In the material below, find the line with "A DIAMOND FIT"; set down that line and every line after it to the end, exactly, without pictures.

EXERCISE DATA:
= Beginning of Section =
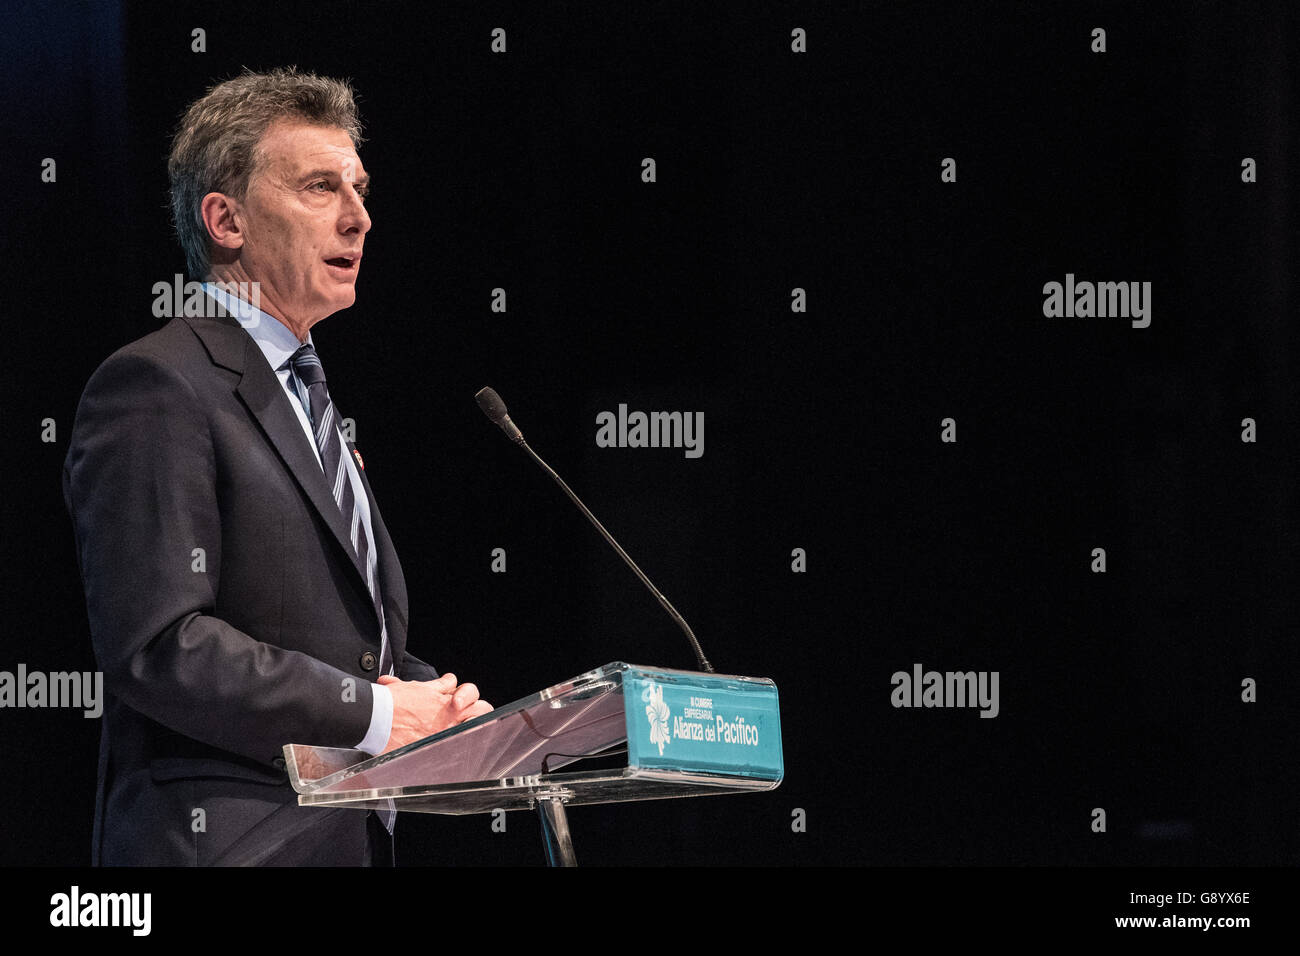 Frutillar, Chile. 30th June, 2016. Argentina's President Mauricio Macri delivers a speech during the 3rd Pacific Alliance Business Summit in Frutillar City, Chile, on June 30, 2016. © Jorge Villegas/Xinhua/Alamy Live News Stock Photo
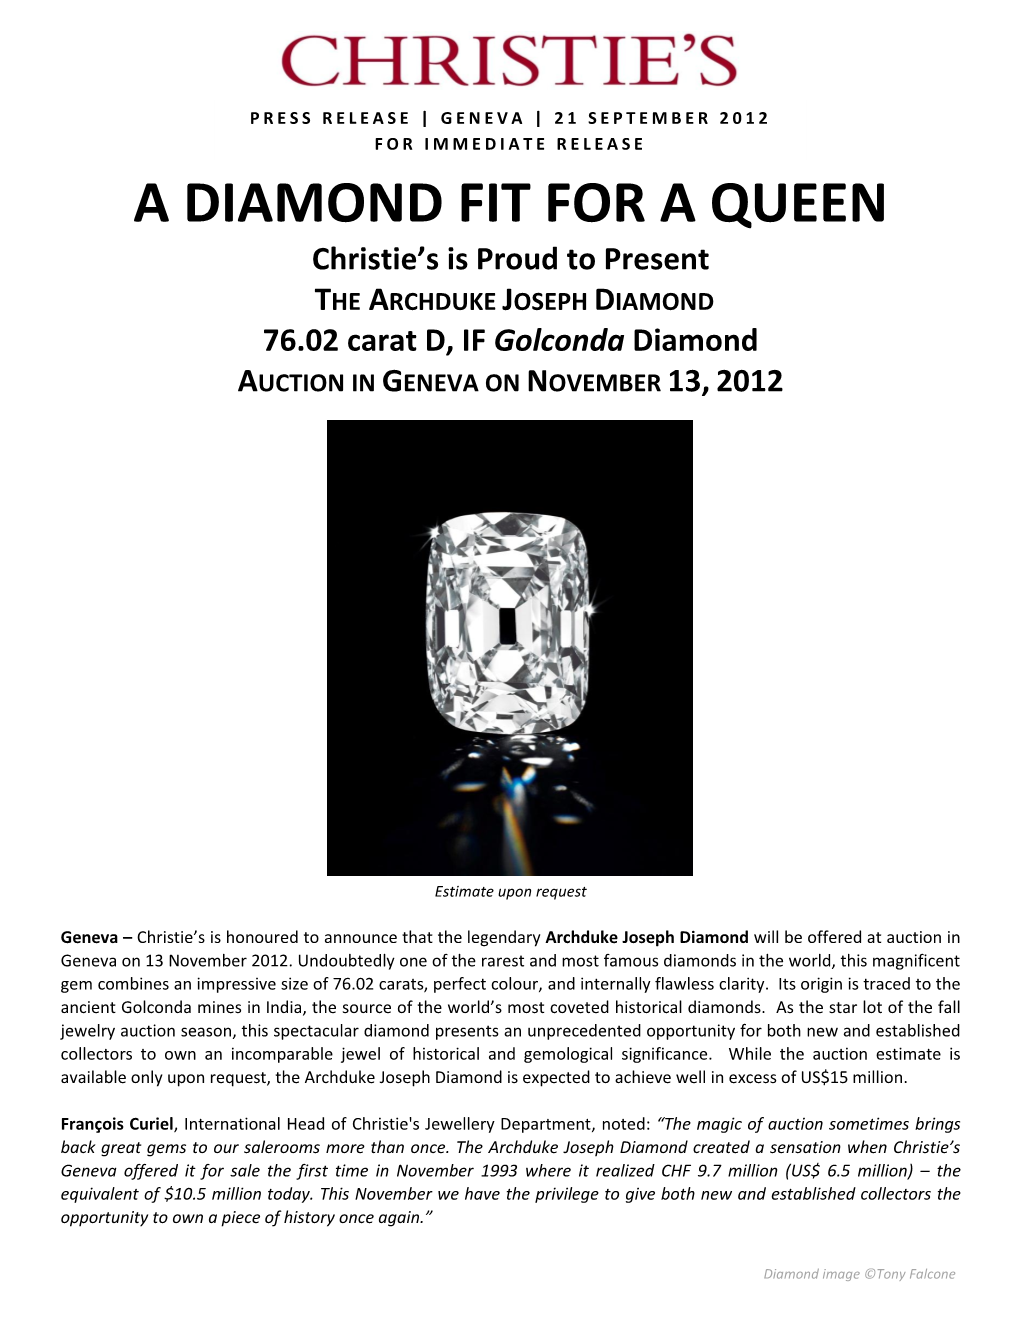 A DIAMOND FIT for a QUEEN Christie’S Is Proud to Present the ARCHDUKE JOSEPH DIAMOND 76.02 Carat D, IF Golconda Diamond AUCTION in GENEVA on NOVEMBER 13, 2012
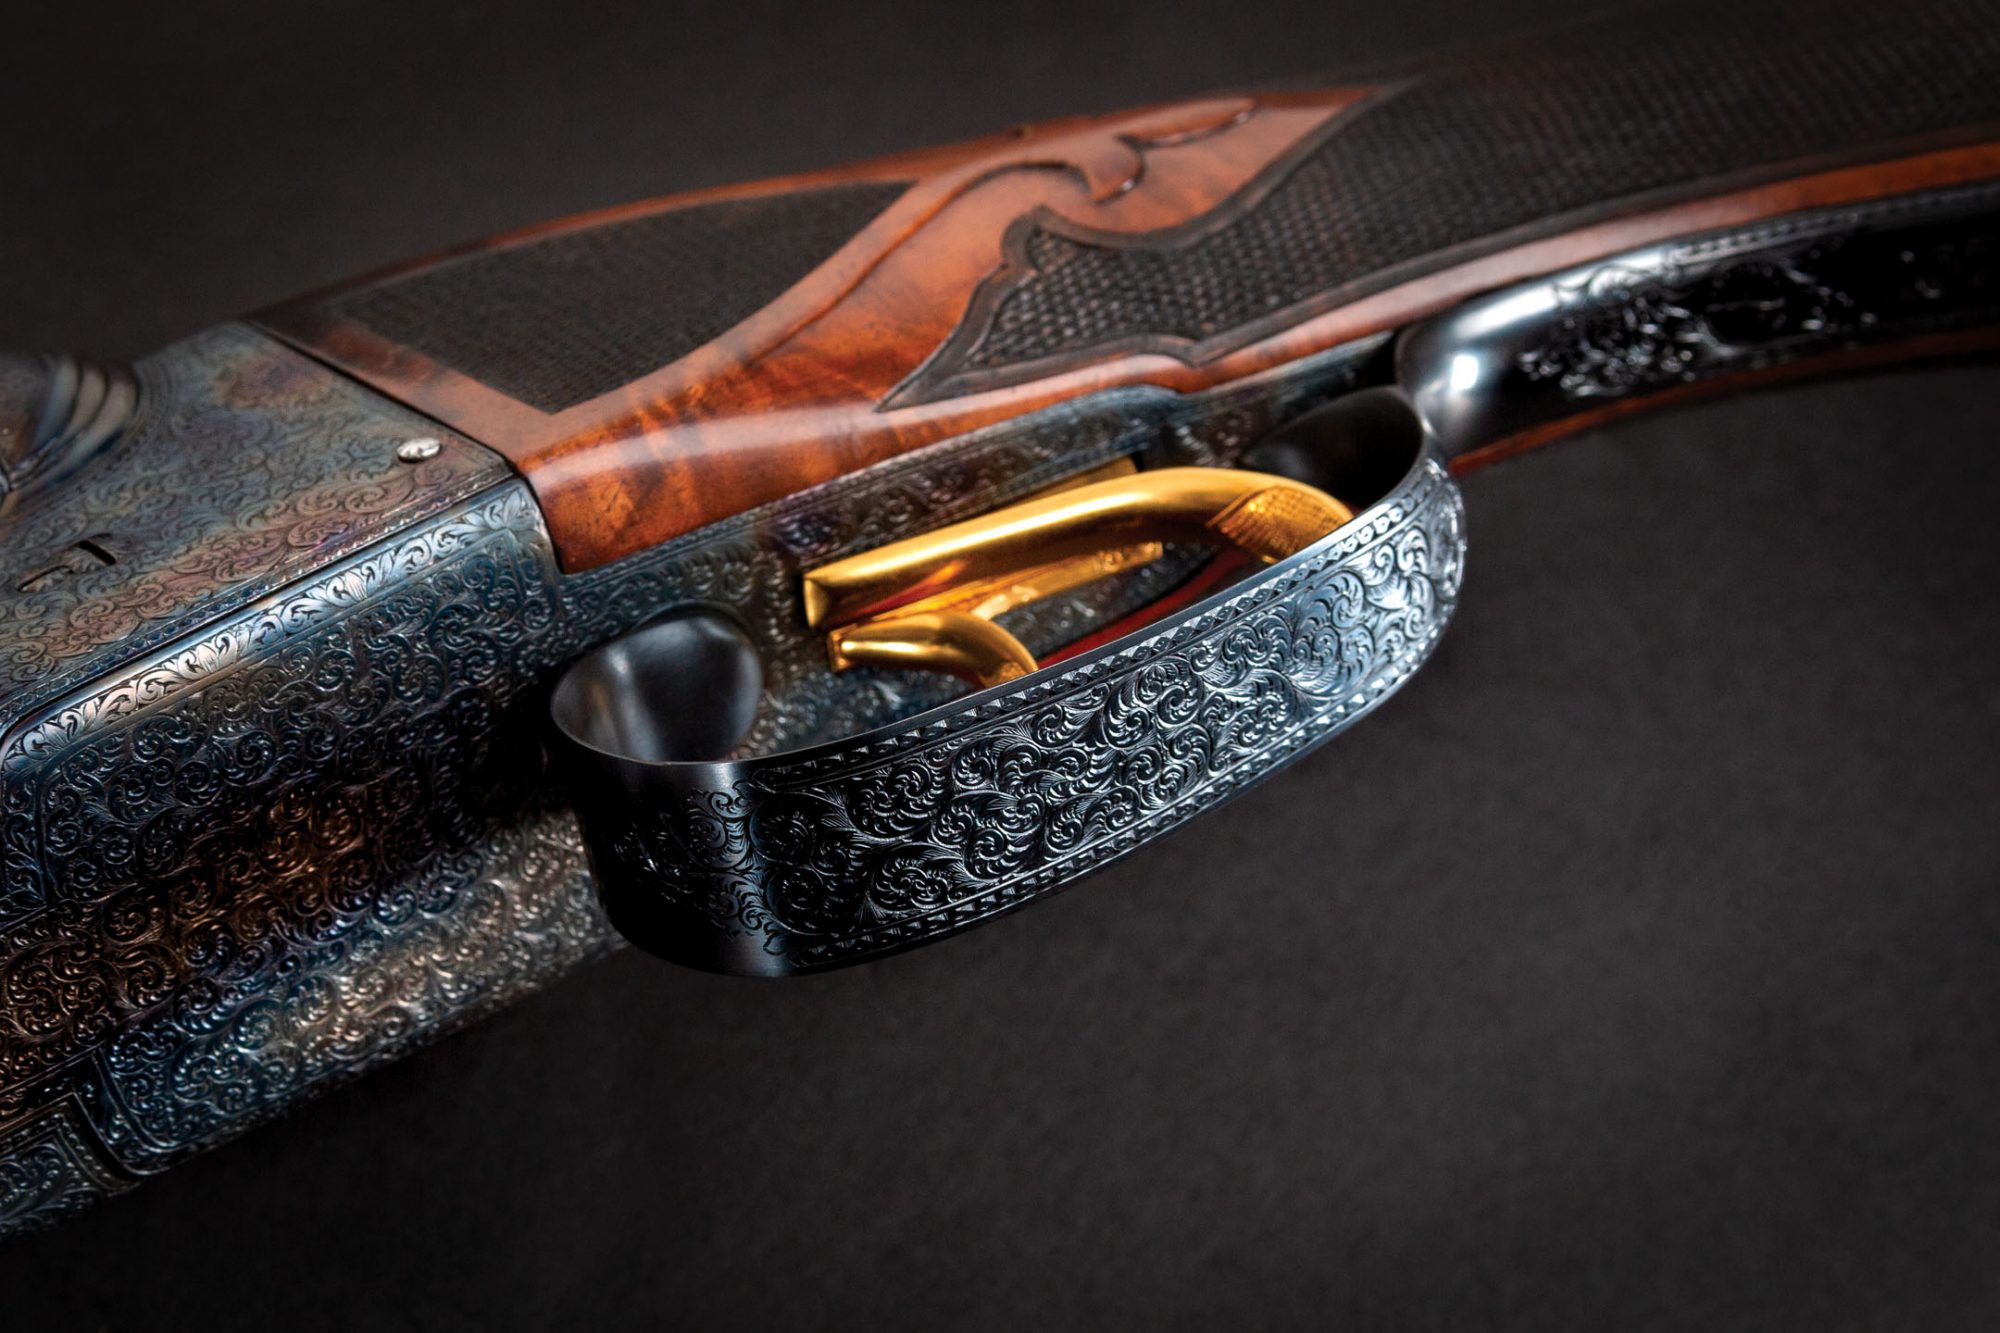 A Parker A1 side by side shotgun from 1925, fully restored by Turnbull Restoration Co. of Bloomfield, New York
= End of Section =
REPLY TO THE TASK:
 A DIAMOND FIT for a QUEEN Christie’S Is Proud to Present the ARCHDUKE JOSEPH DIAMOND 76.02 Carat D, IF Golconda Diamond AUCTION in GENEVA on NOVEMBER 13, 2012
 A Parker A1 side by side shotgun from 1925, fully restored by Turnbull Restoration Co. of Bloomfield, New York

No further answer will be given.